In many of these scenarios, I was aided fully by substances like DMT, psilocybin, or LSD. This particular event – the first of any experience in which I felt a positive outcome – I was showered with love. A feeling of total euphoria rushed over me and became me. I felt as if I was being cradled by my mother, and that mother was the universe itself, that love was the universe itself. I began to weep uncontrollably. As I came down to sobriety, I was yanked back down to the abyss, almost as if I was showing myself that these two exist simultaneously, but that I had become more accustomed to the dimness of what was below – almost as if I felt safer there, because I understood it.

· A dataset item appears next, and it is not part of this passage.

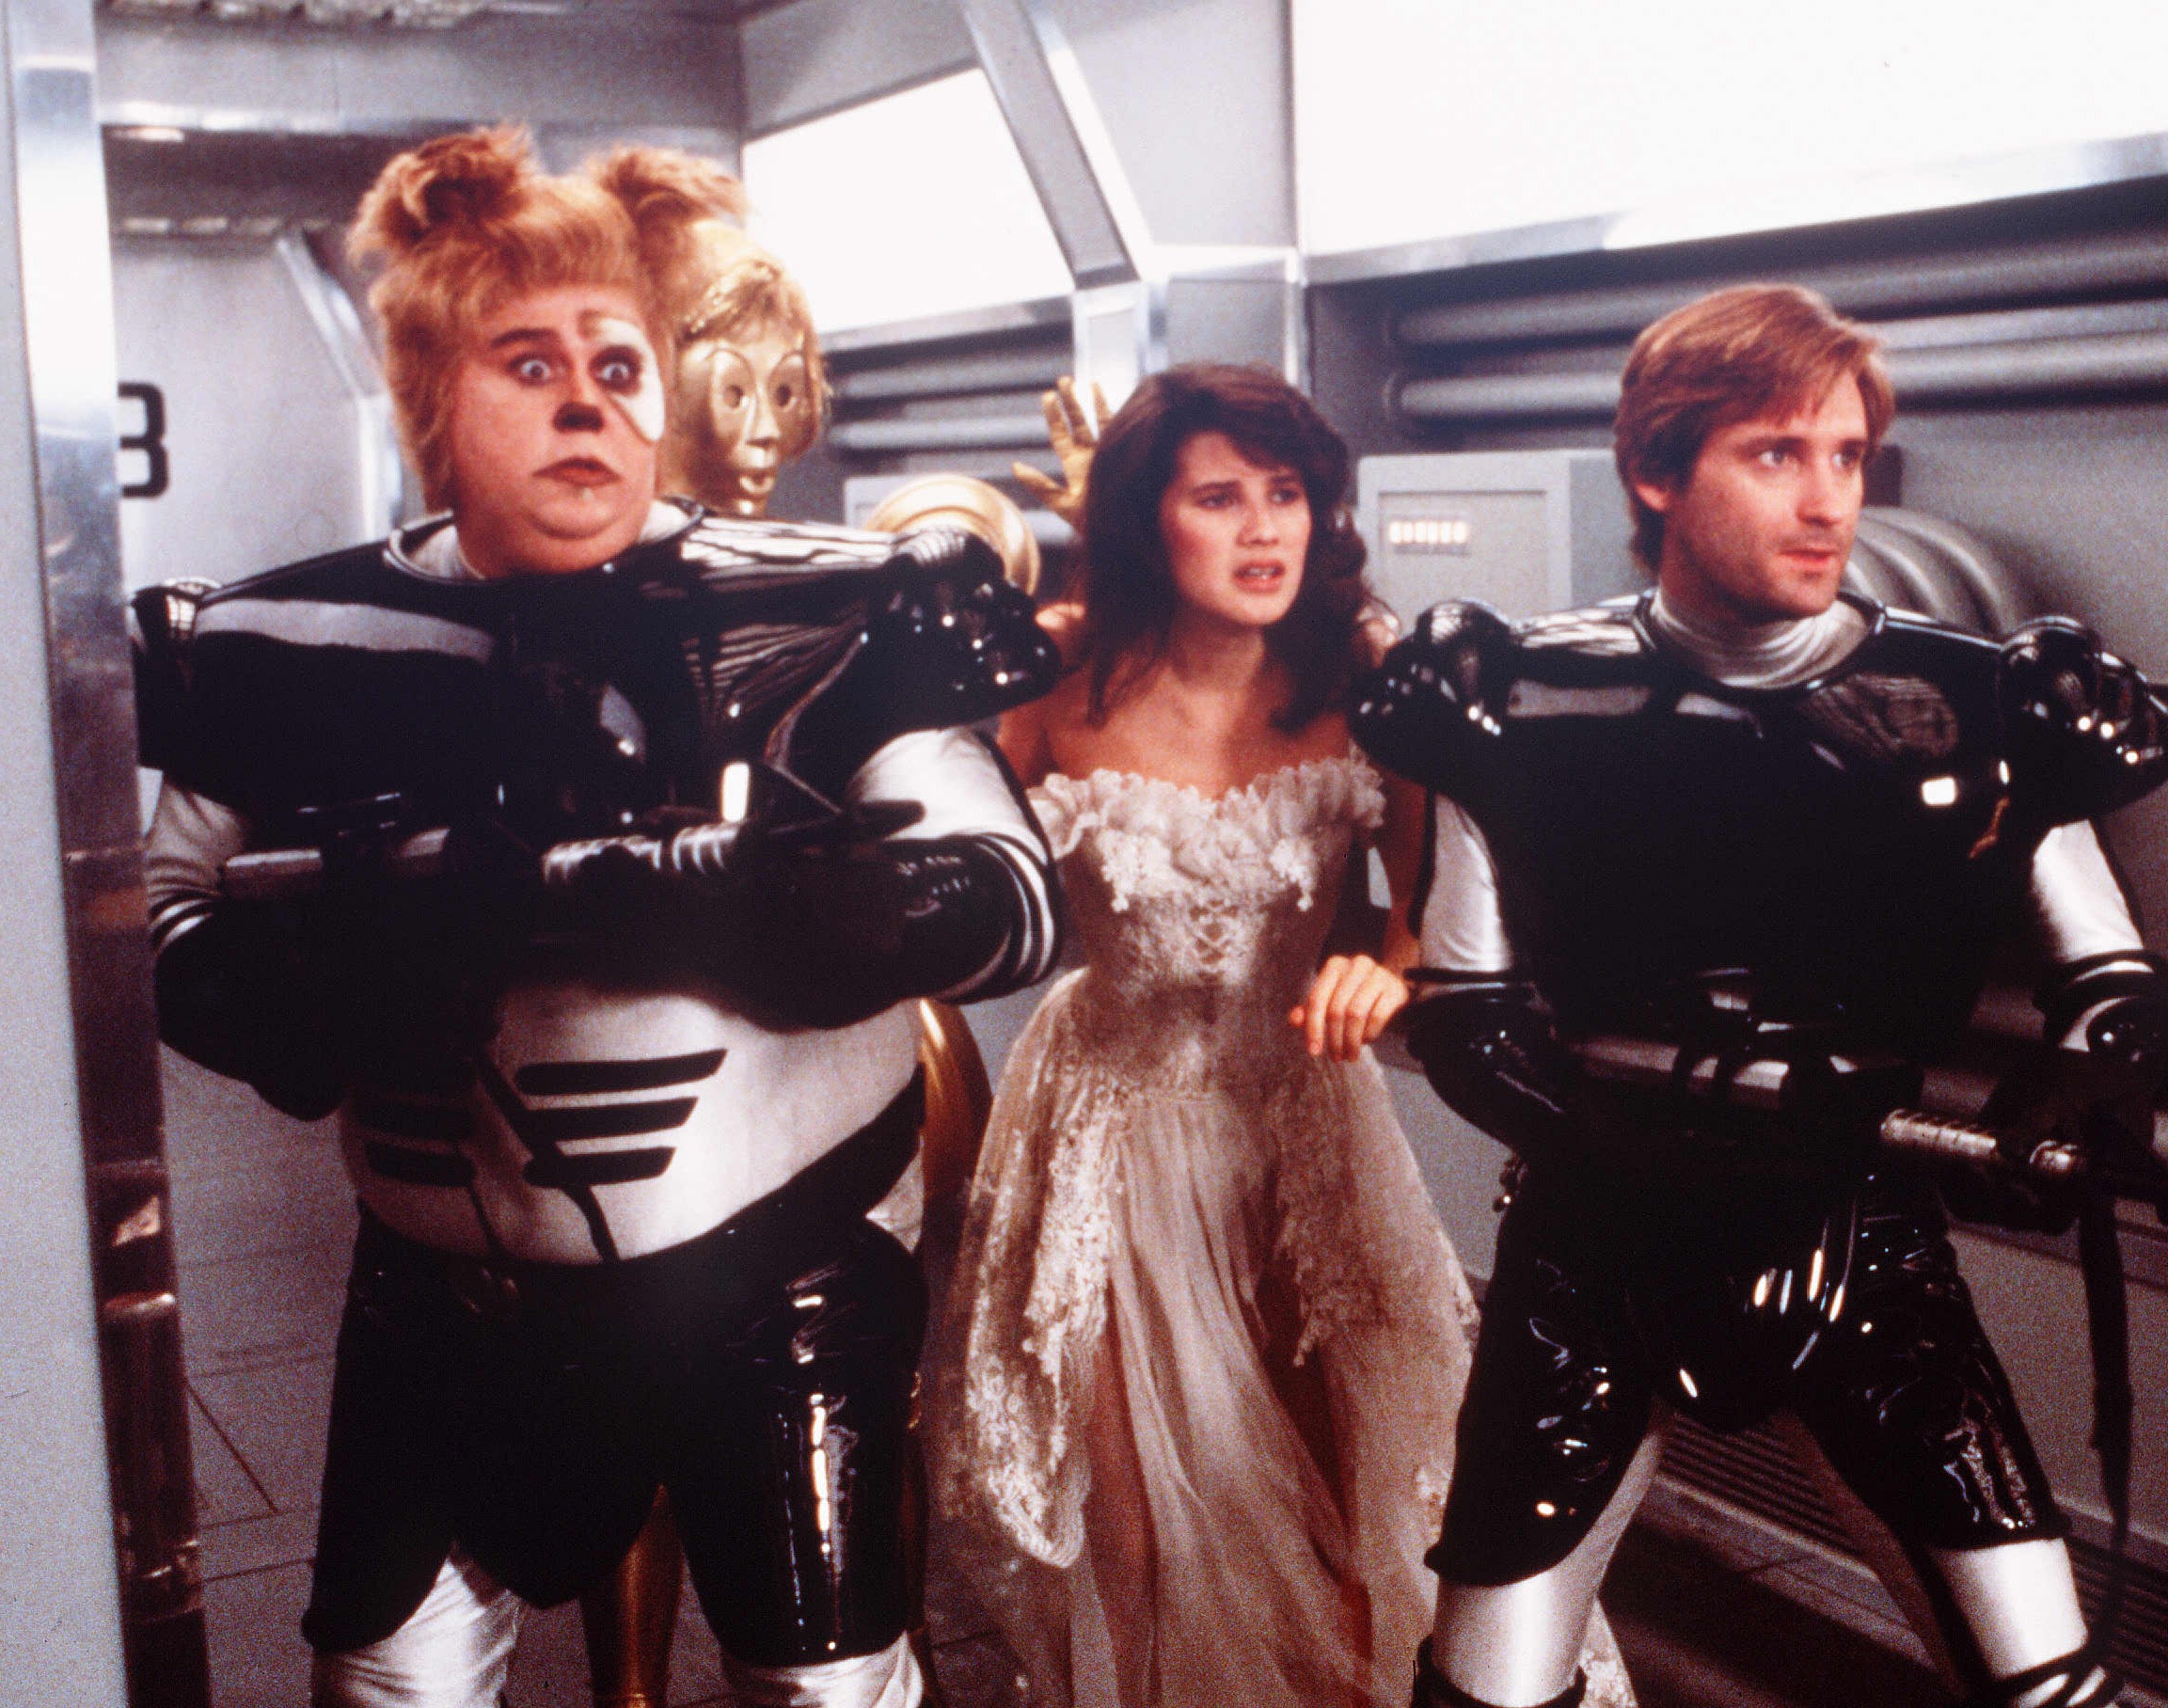 One of her most famous roles was as Princess Vesper in the space film parody, Space Balls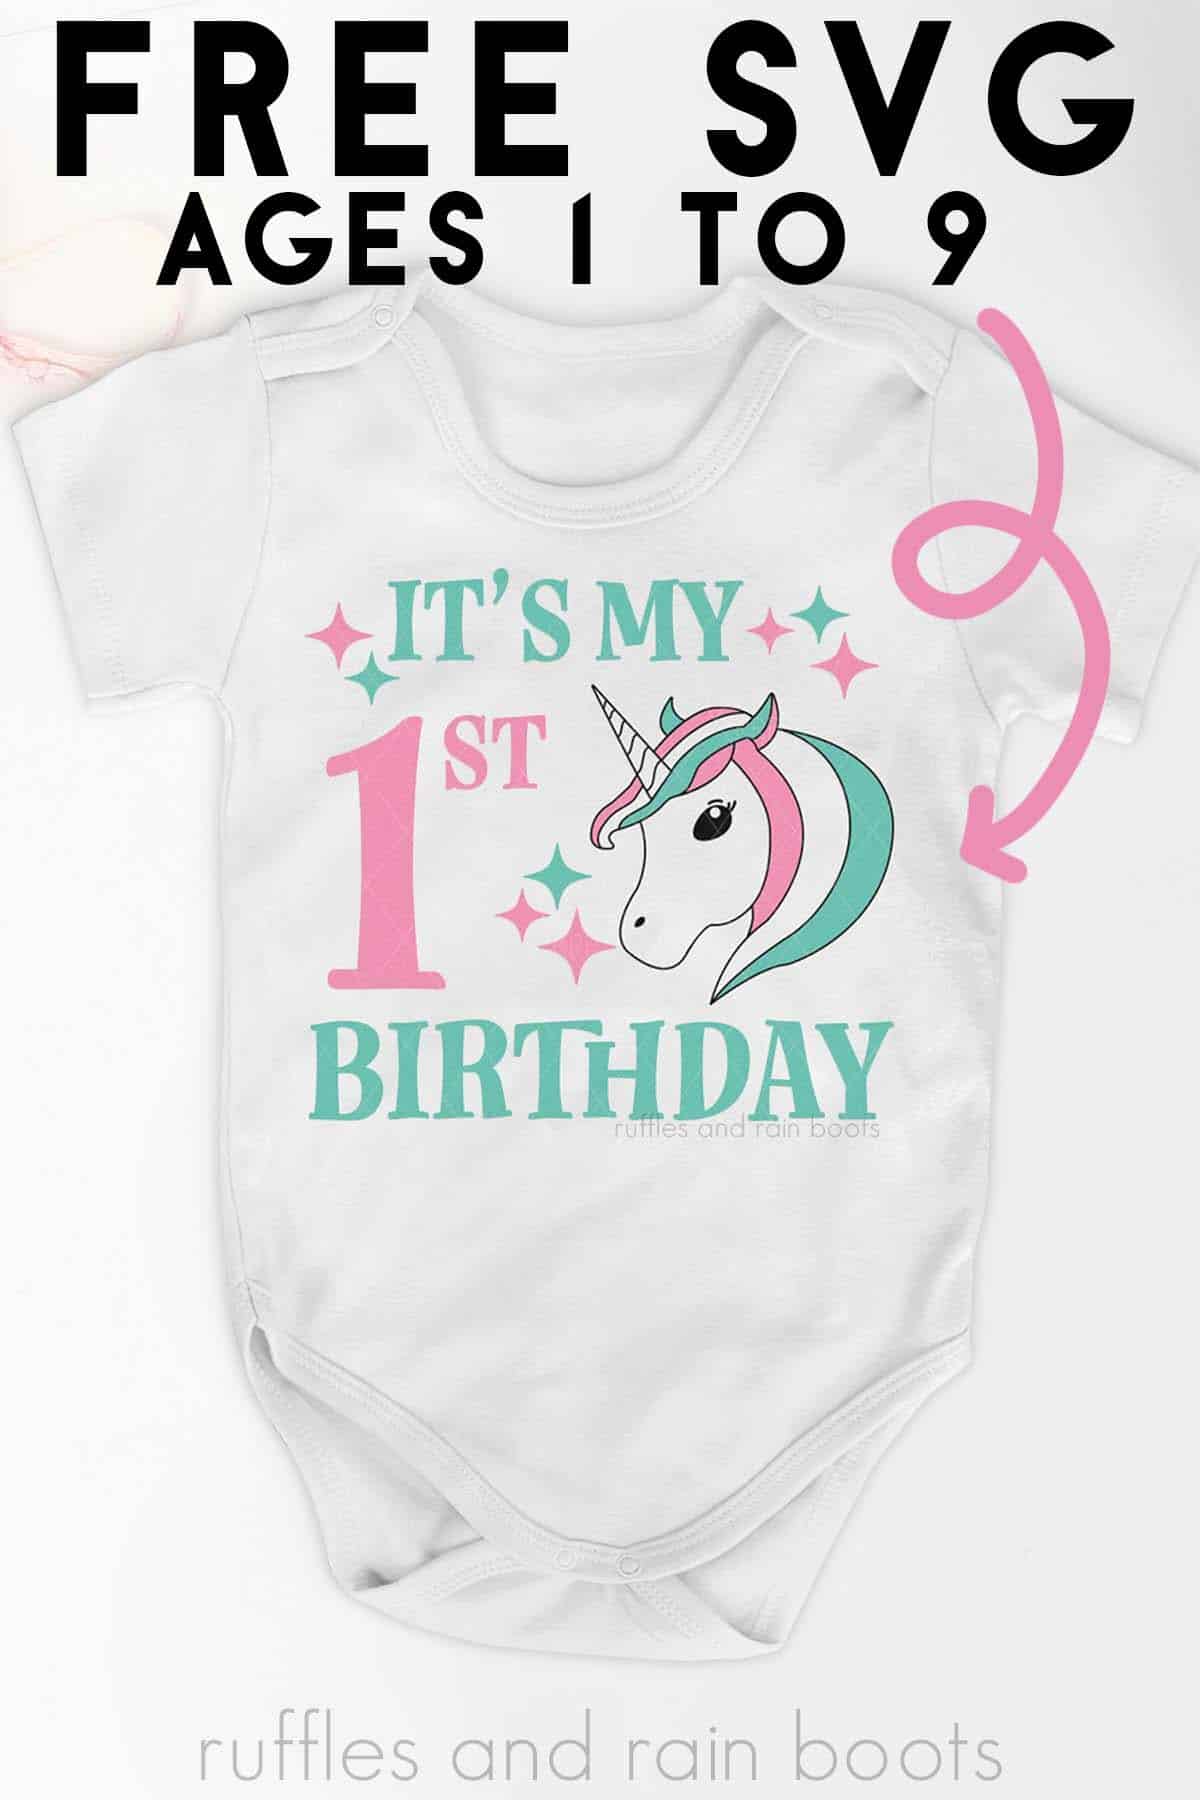 Vertical image of white baby body suit which reads it's my 1st birthday with free unicorn SVG ages 1 to 9 text.

I am here today with a great intent to overcome this fear to a rational point – a point where I understand it’s existence, and that I can acknowledge its power – but that it no longer interferes with the majority of my days, that it no longer interferes with my waking life more so than my experience in this body and interactions with these people on this lovely planet. I’d like to thank all of you in this community for a place to speak, to sort through myself, and hear myself. The world is a beautiful, magnificent place when you can see the consciousness in others, the twinkle of your own essence in another – that connectedness of life and the mind.
One day I will understand enough to move on, so to speak. A place where contentedness out-weighs the unease of the unknown. That my understanding of the balance – the ying and yang – of the universe is enough to place me in the middle, and not run me askew.
I know there are many out there that have similar experiences - similar sufferings, similar fears - and we're here to understand these fears, face them, not run from them.
Life is an incredible journey, a most chaotic experience, something so beyond our wildest imaginations, yet we get to experience all of it, raw, here, now. It's terrifyingly beautiful, and beautifully terrifying. There is peace, love, and there is fear, pain. Take it all in. Experience it all.